US 12,405,970 B2
Multi-layer approach to improving generation of field extraction models
Shalin Avlani, San Jose, CA (US); Rajesh M. Desai, San Jose, CA (US); Mayank Vipin Shah, San Jose, CA (US); and Xiaoying Gao, San Jose, CA (US)
Assigned to International Business Machines Corporation, Armonk, NY (US)
Filed by INTERNATIONAL BUSINESS MACHINES CORPORATION, Armonk, NY (US)
Filed on Oct. 6, 2023, as Appl. No. 18/482,671.
Prior Publication US 2025/0117405 A1, Apr. 10, 2025
Int. Cl. G06F 16/24 (2019.01); G06F 16/2457 (2019.01); G06F 16/28 (2019.01)

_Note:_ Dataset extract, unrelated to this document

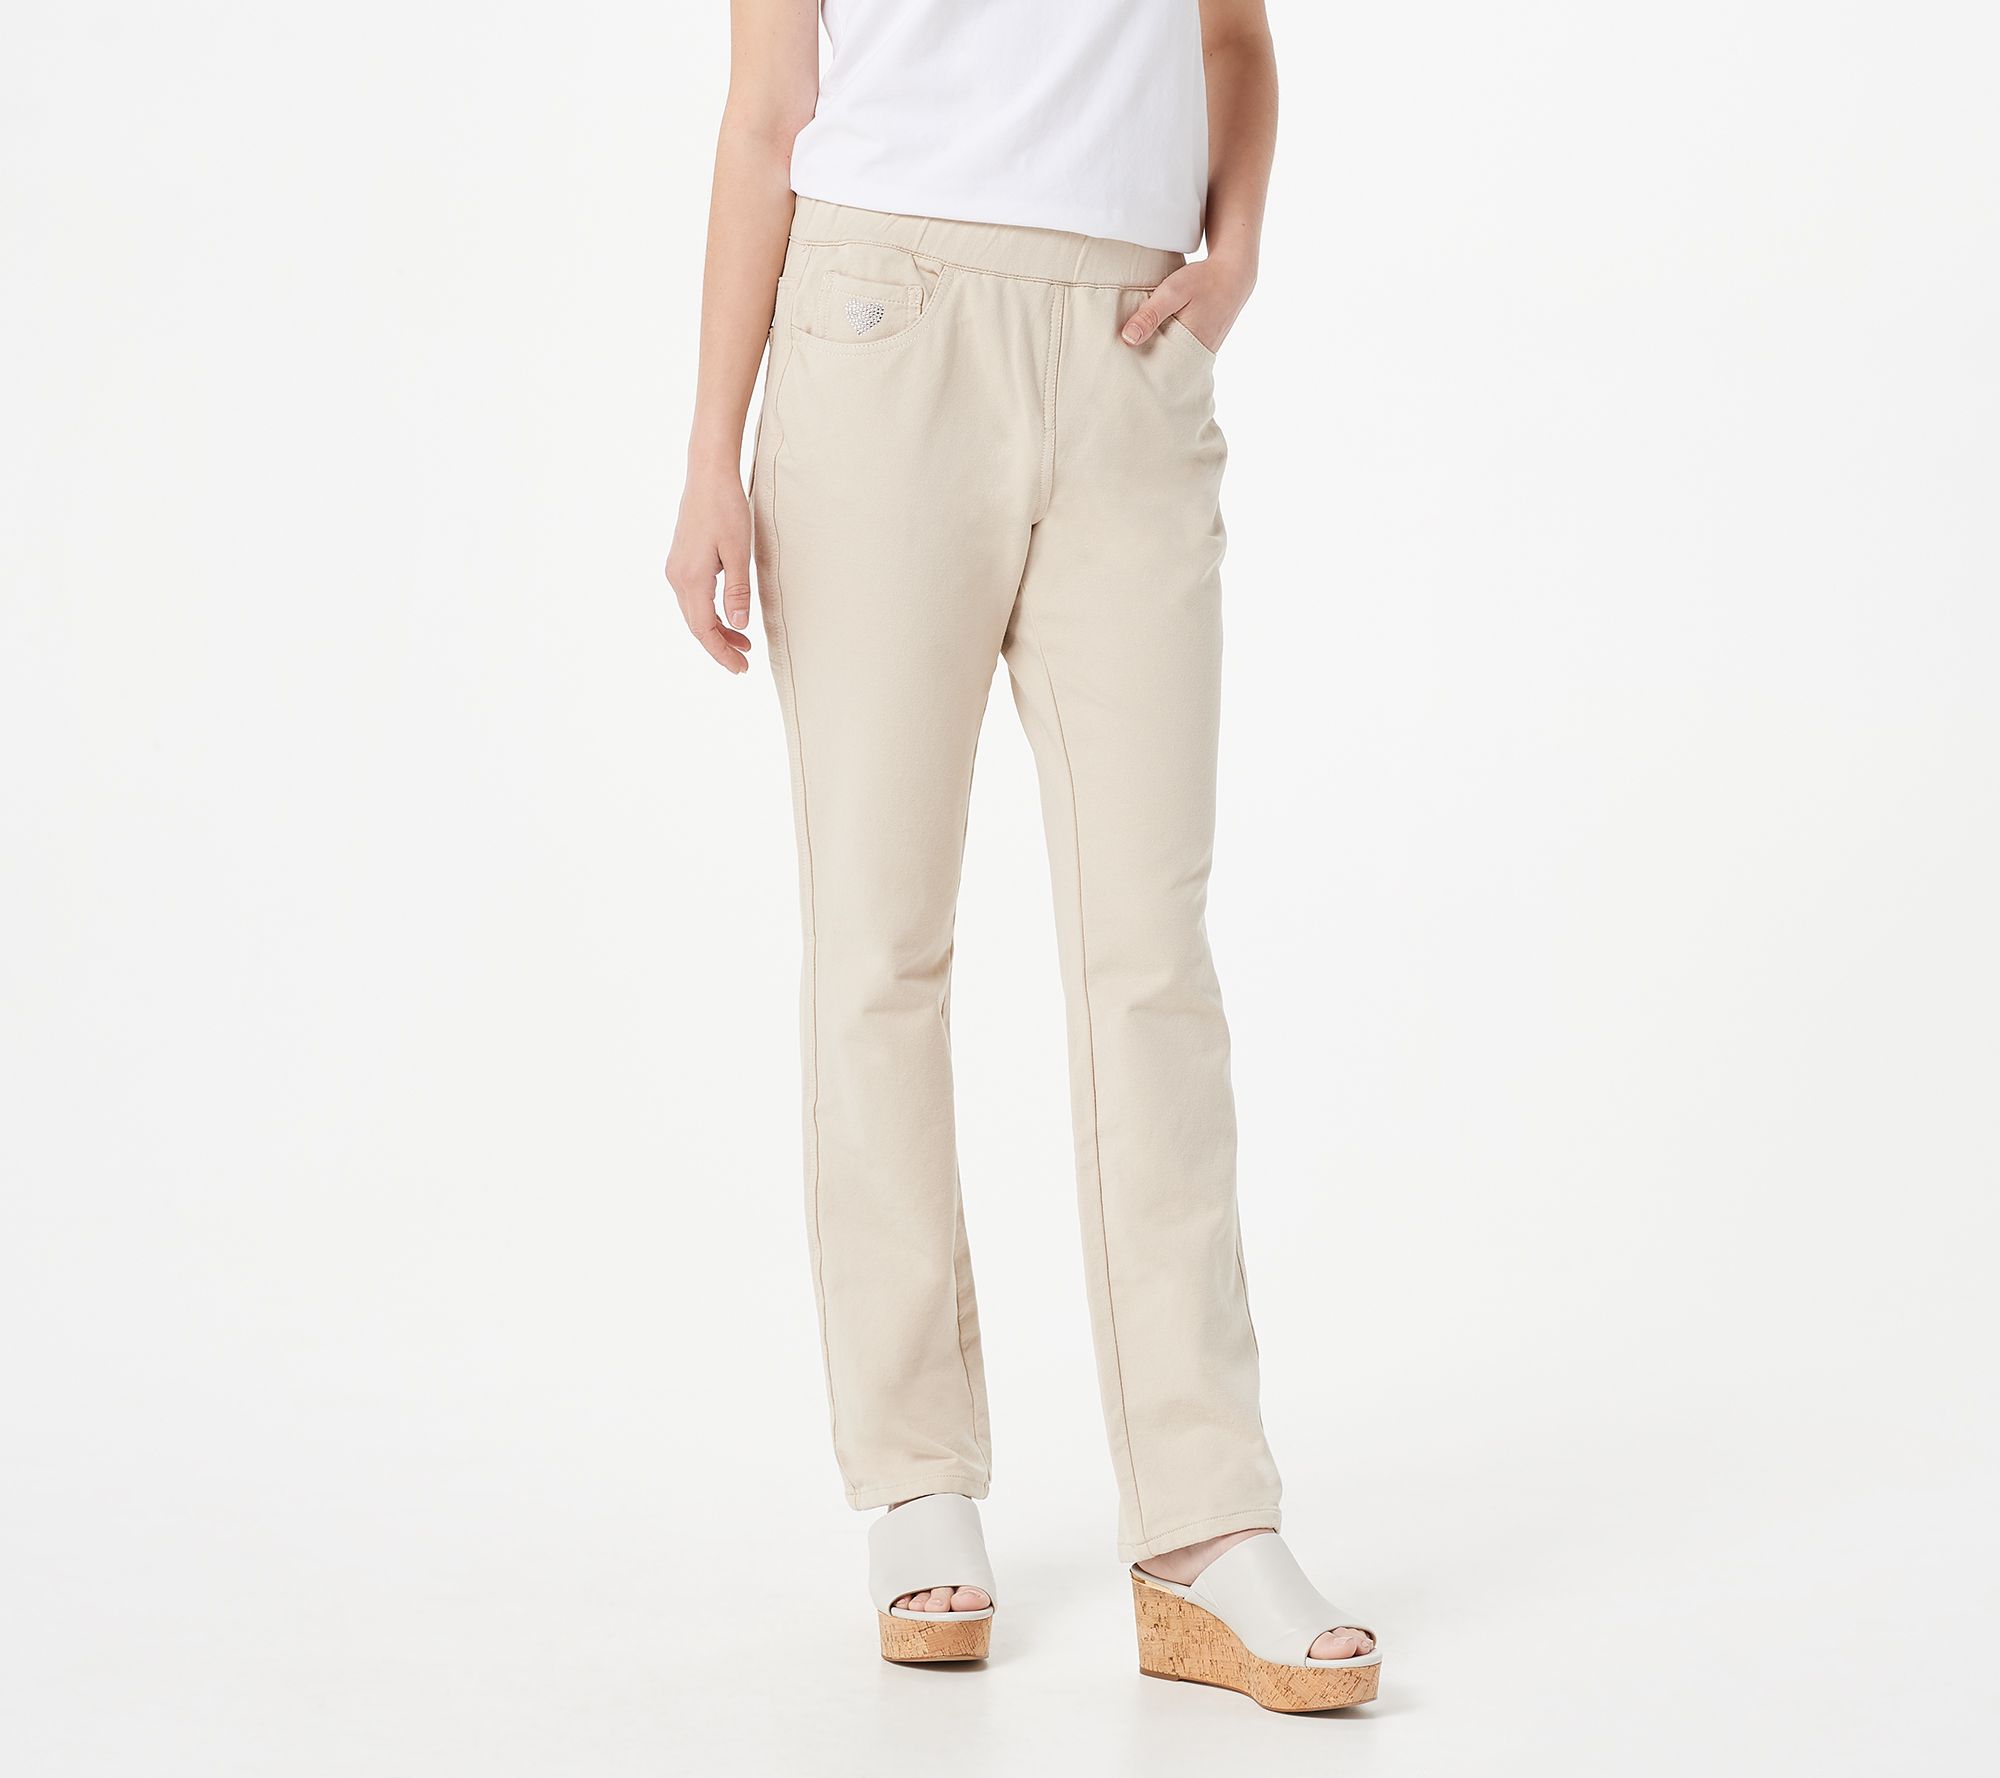 Quacker Factory — Women's Tunics, Pants & Blouses — QVC.com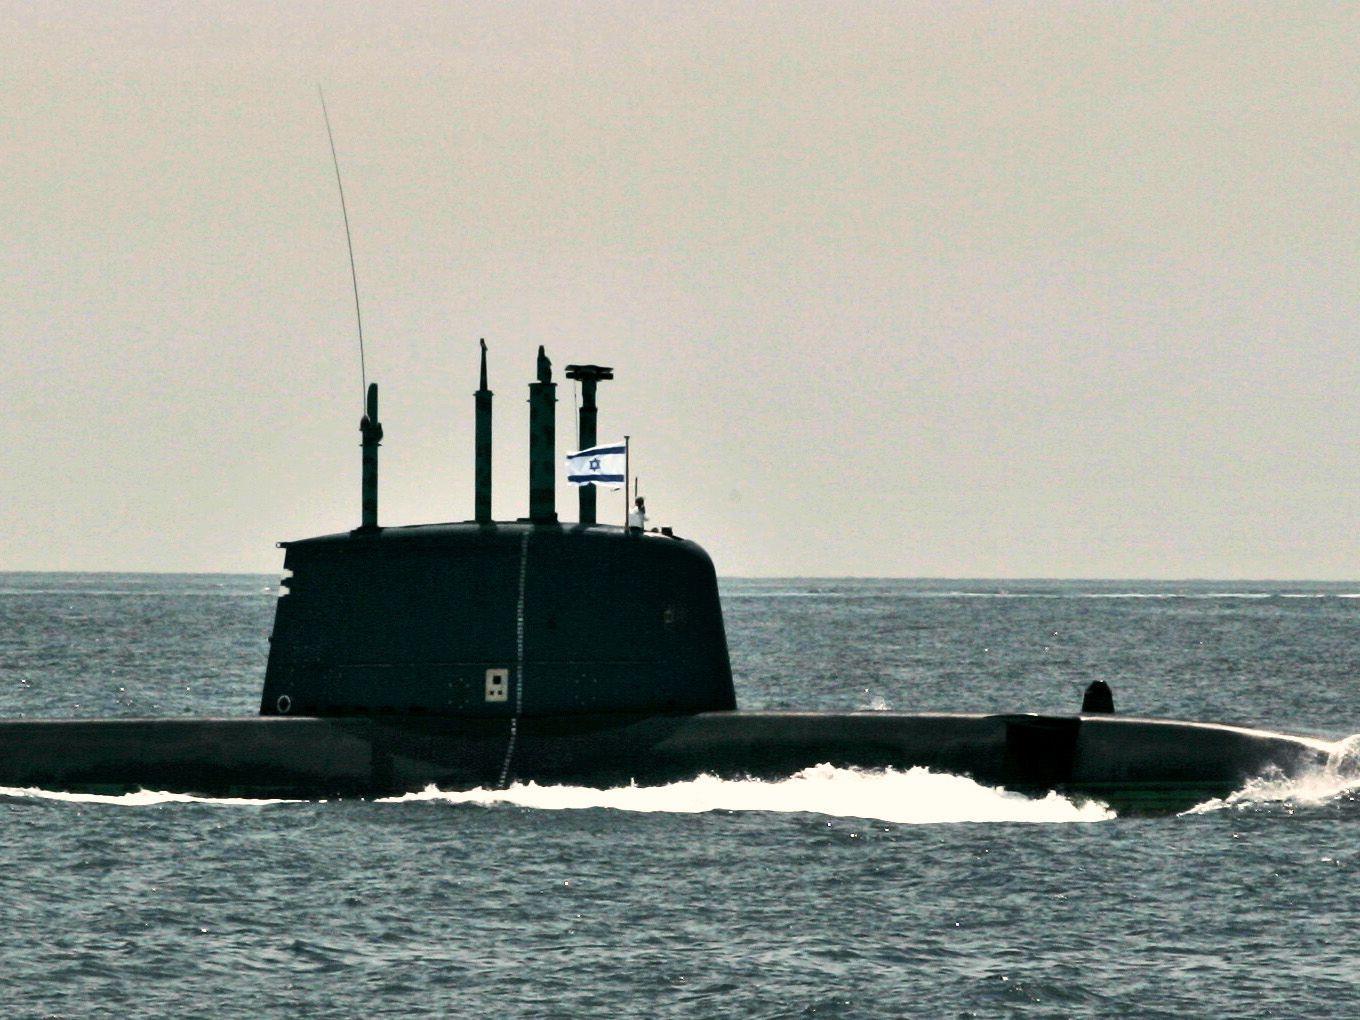 Drei "Dolphin"-Klasse U-Boote hat Israel bereits, drei weitere sollen folgen.

CPC G06F 16/285 (2019.01) [G06F 16/24573 (2019.01)] 20 Claims
OG exemplary drawing
 
1. A computer-implemented method for generating cluster templates used for creating extraction models, comprising:
receiving a plurality of training files associated with a selected class;
performing an automated visual analysis on each of the plurality of training files;
performing an automated contextual analysis on each of the plurality of training files;
performing a first clustering of the plurality of training files into a first plurality of clusters using results from the automated visual analysis;
performing a second clustering of one of the first plurality of clusters into a second plurality of clusters using results from the automated contextual analysis; and
generating cluster templates for the first and second plurality of clusters, wherein
the first and the second plurality of clusters are clusters of the plurality of training files.